- _Goal of the exercise_
Exact transcription of the data below is required, without the images.

- _Data block_
^^^^
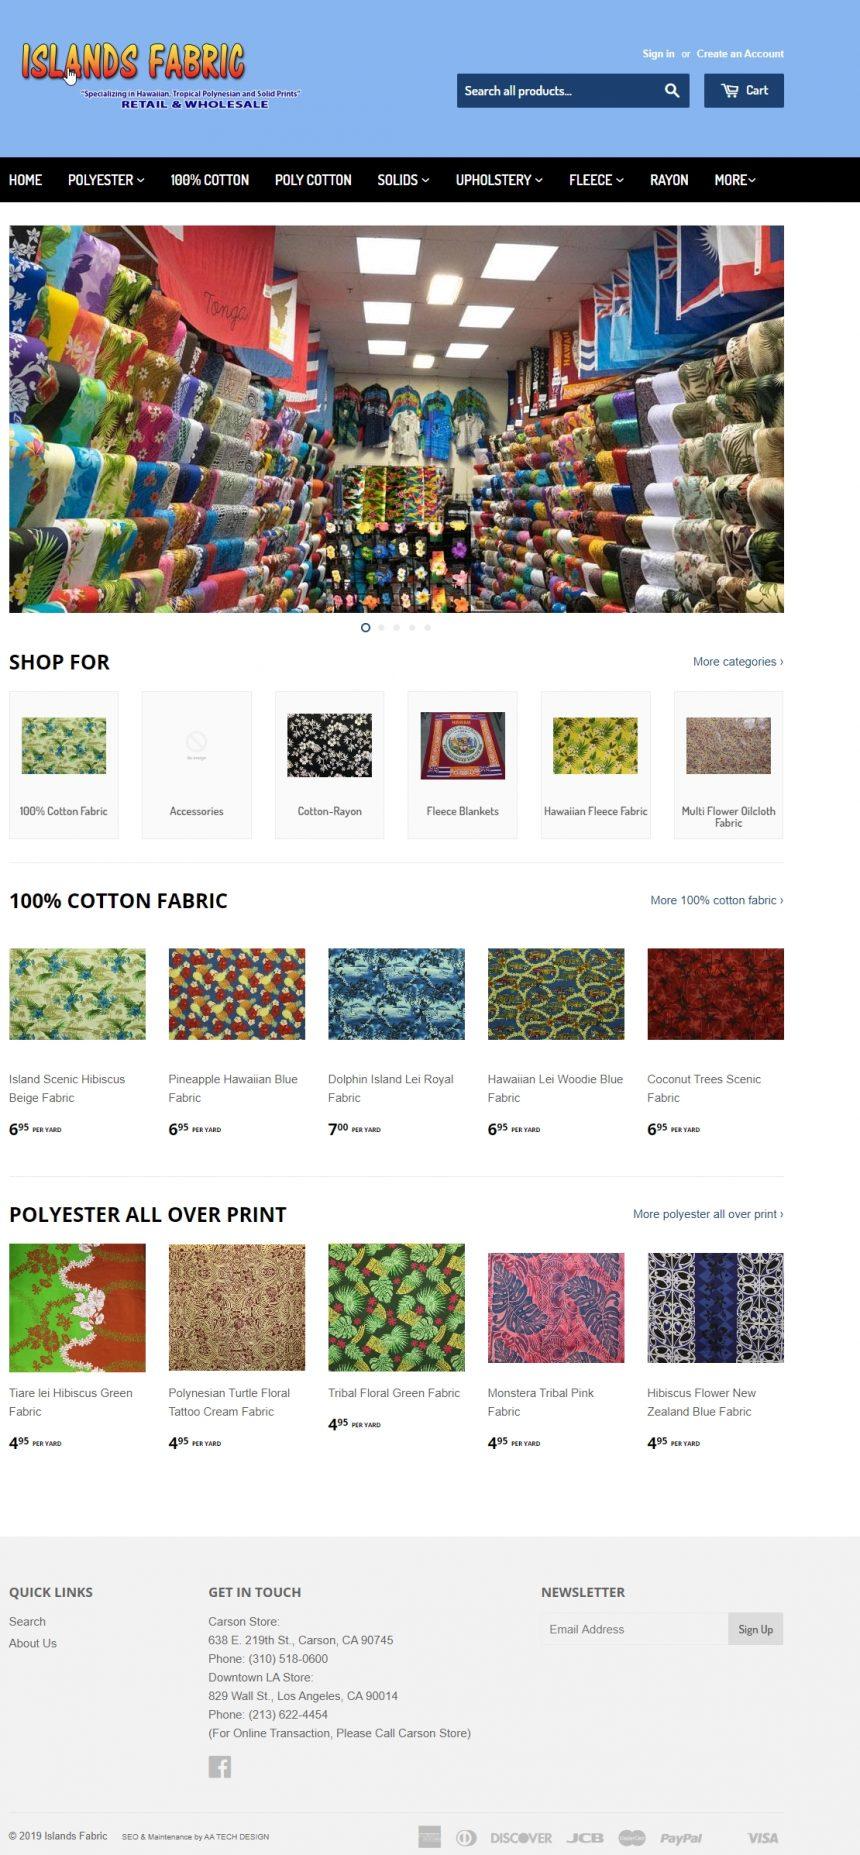 Fabric Retail Website IslandsFabric.com
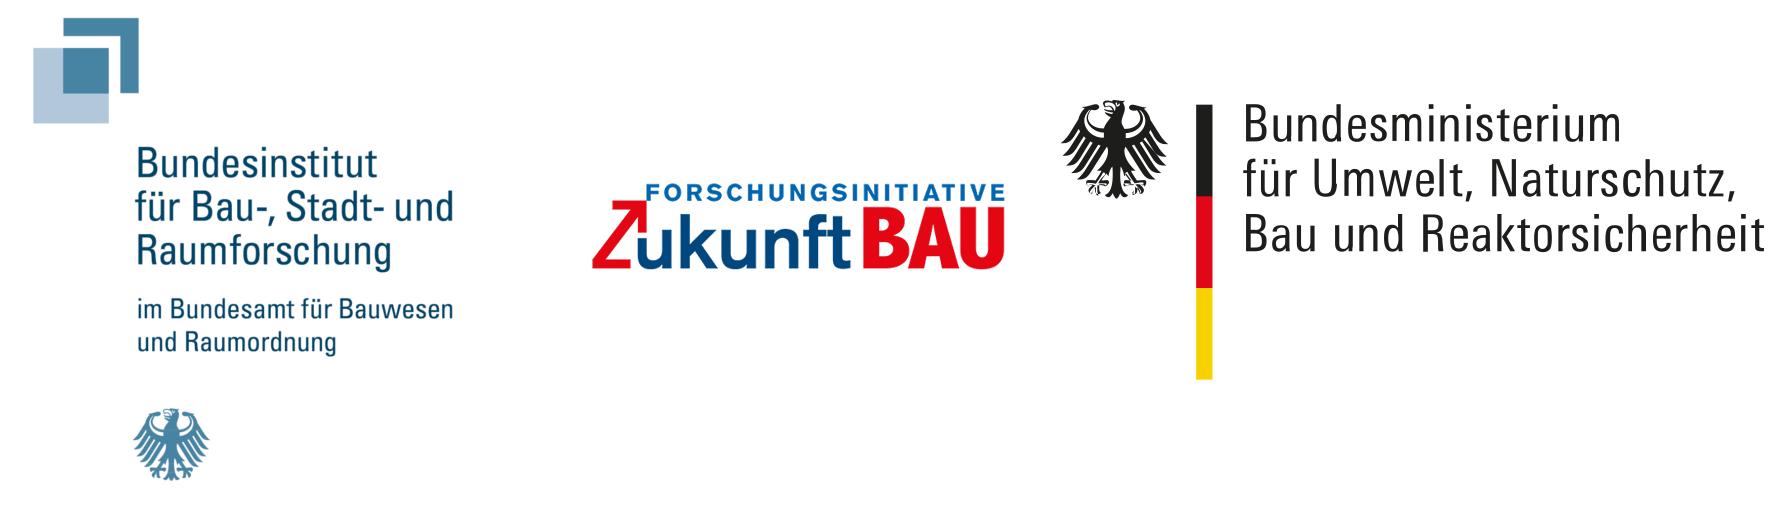 image sources: www.bmub.bund.de, www.forschungsinitiative.de, www.bbsr.bund.de
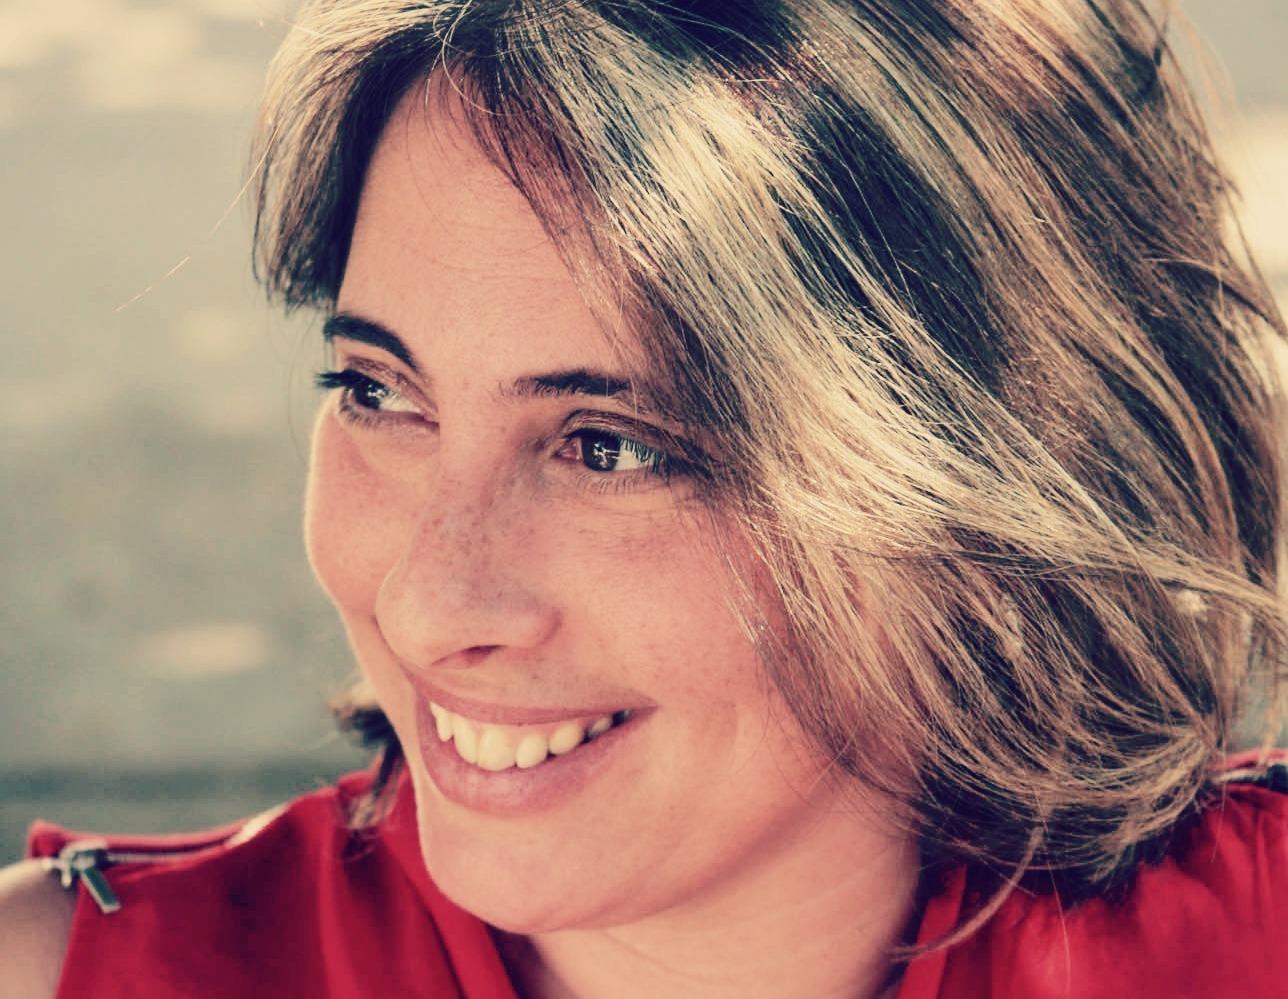 Dr. Anna Krendel, Executive Director
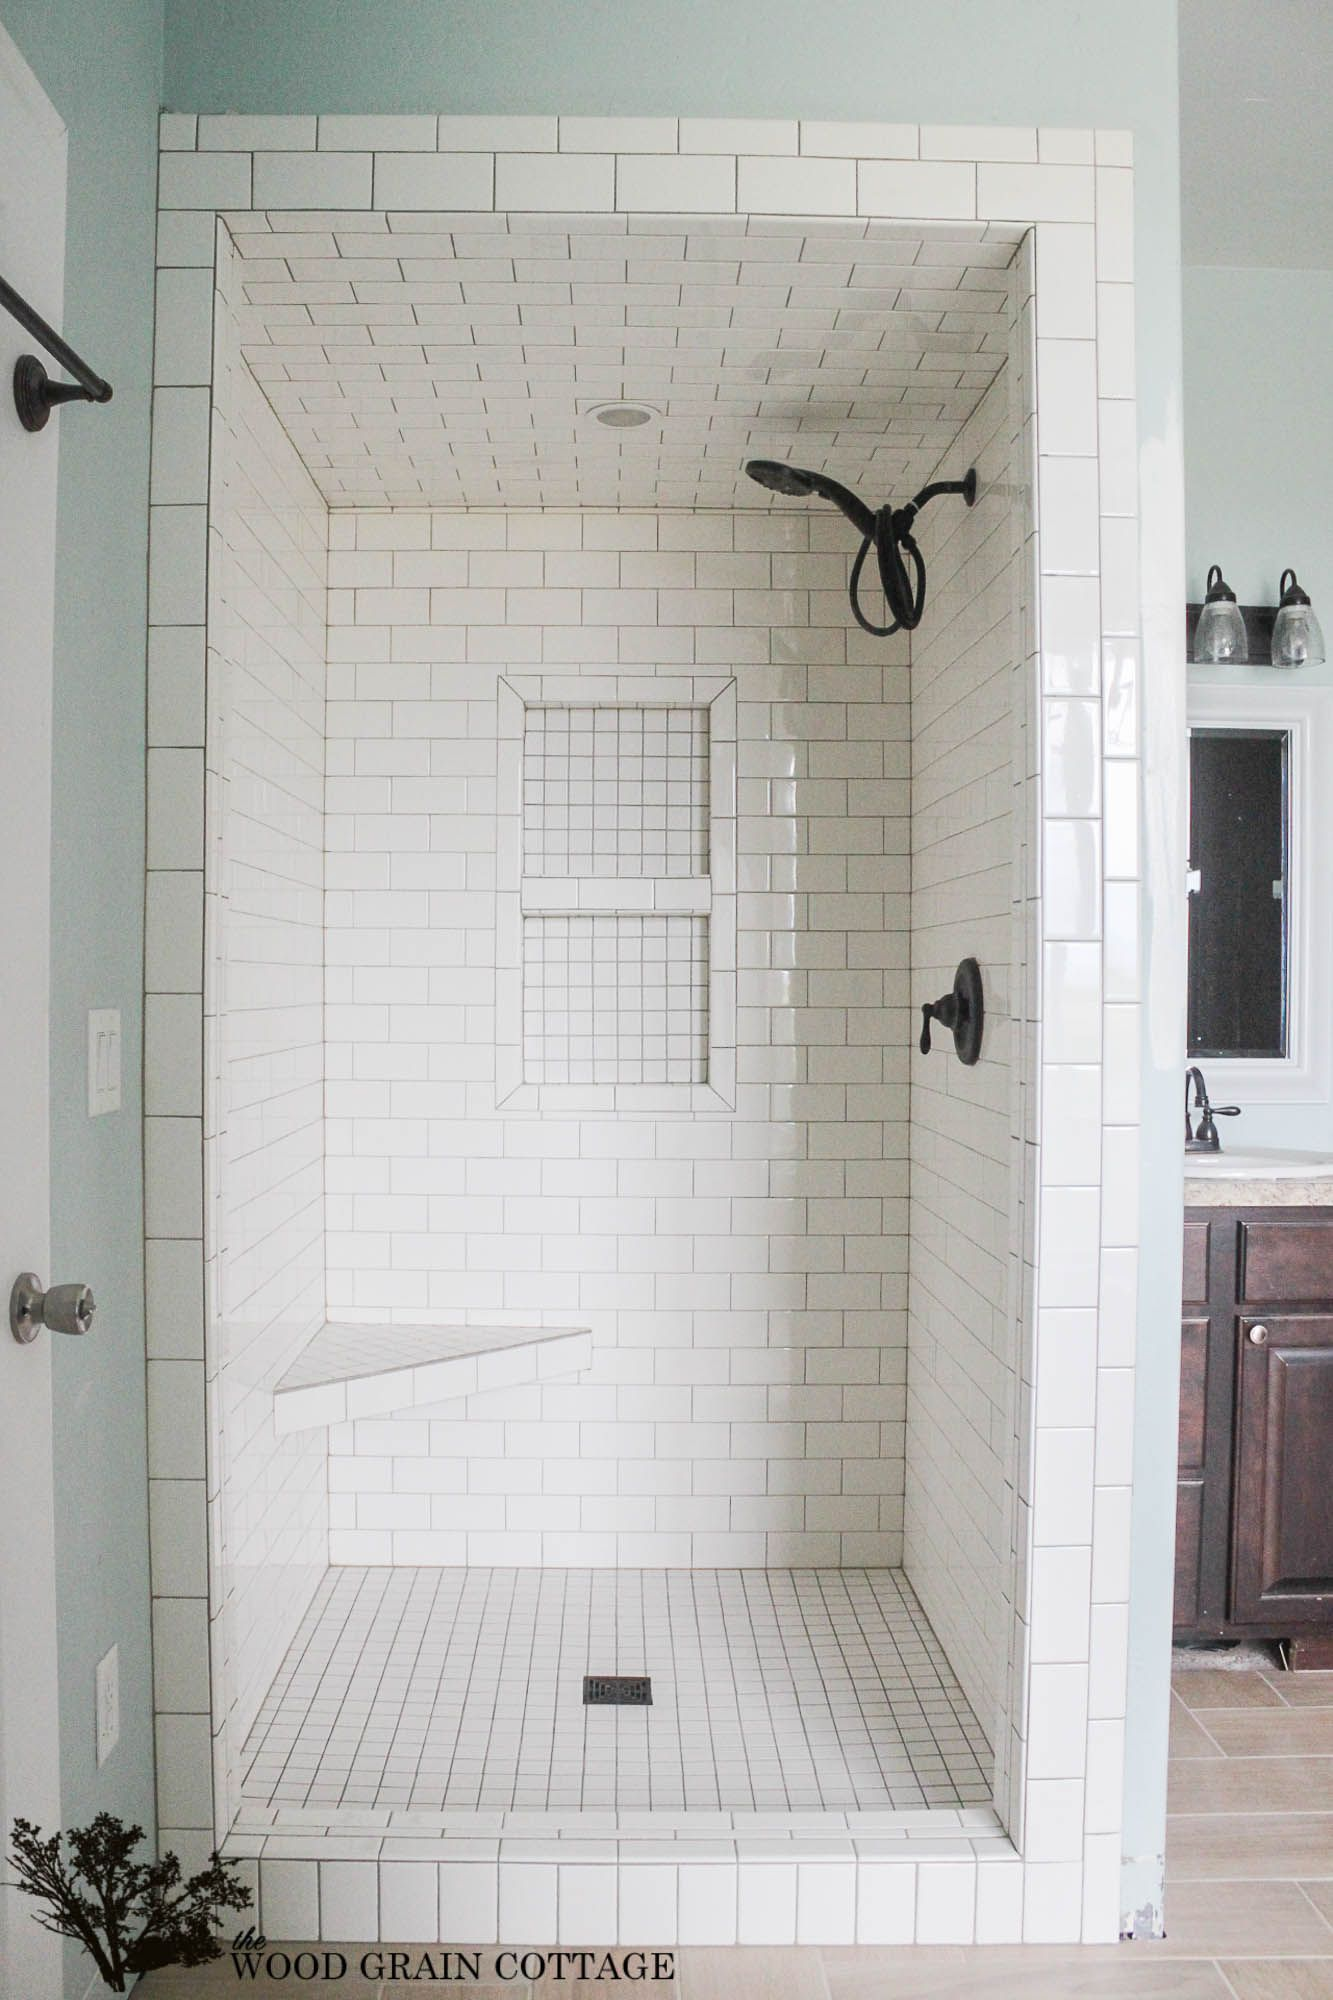 New Master Bathroom Tile The Wood Grain Cottage Small Bathroom
^^^^
- _Answer section_
 Fabric Retail Website IslandsFabric.com
 image sources: www.bmub.bund.de, www.forschungsinitiative.de, www.bbsr.bund.de
 Dr. Anna Krendel, Executive Director
 New Master Bathroom Tile The Wood Grain Cottage Small Bathroom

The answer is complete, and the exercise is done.